§ **Directions for this task**
Only one span of the listing below should come back. It runs from the line with "Propane forge critique" through the line with "Beme silky hair", and each of its lines must be reproduced exactly.

§ **Source information**
____________

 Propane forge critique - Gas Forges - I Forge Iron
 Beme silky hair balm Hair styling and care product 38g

____________

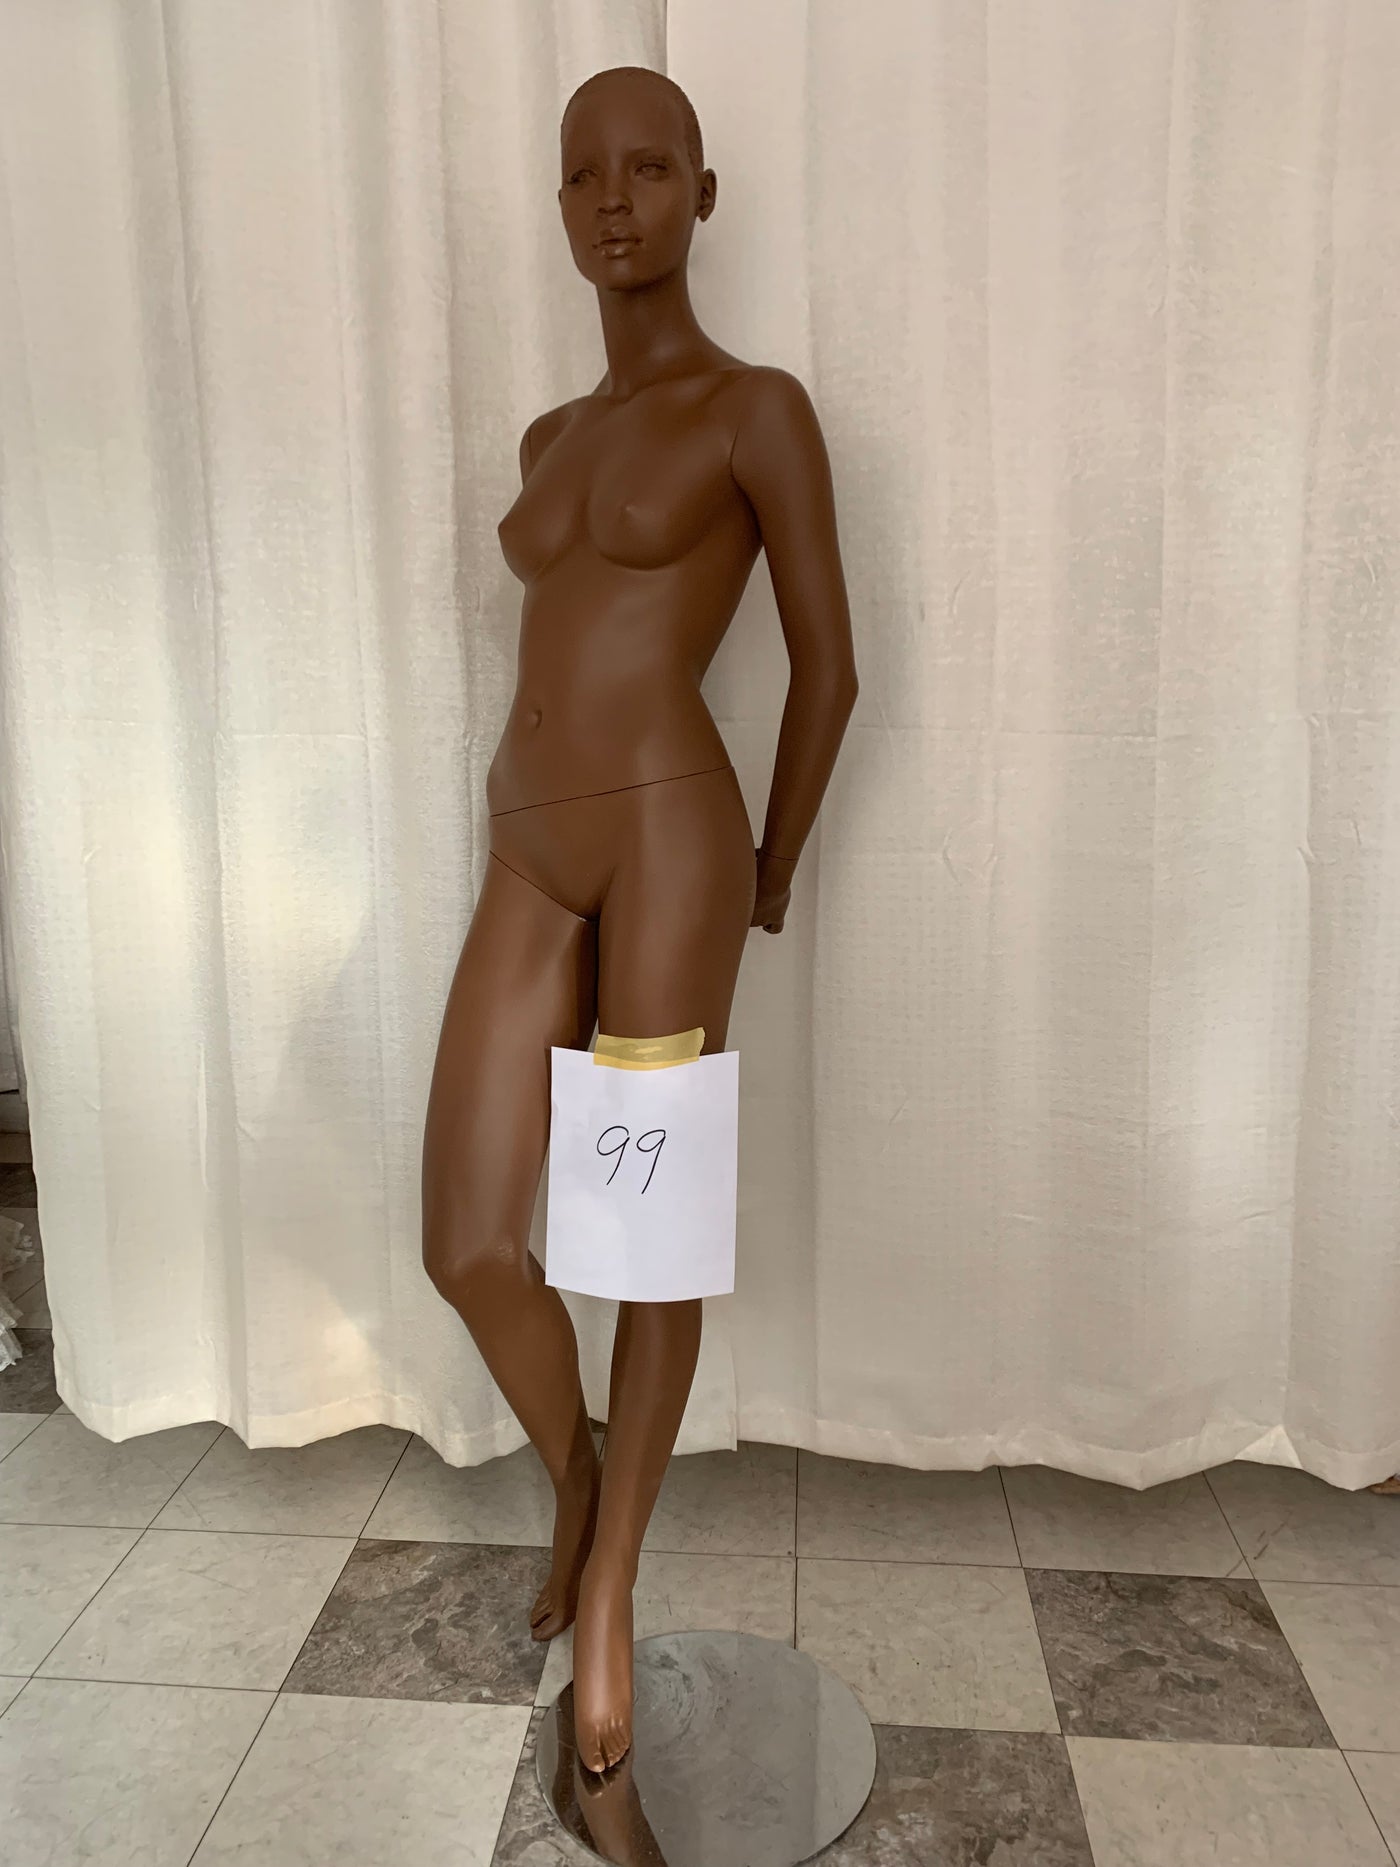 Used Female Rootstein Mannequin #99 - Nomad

____________

§ **Response to this task**
 Propane forge critique - Gas Forges - I Forge Iron
 Beme silky hair balm Hair styling and care product 38g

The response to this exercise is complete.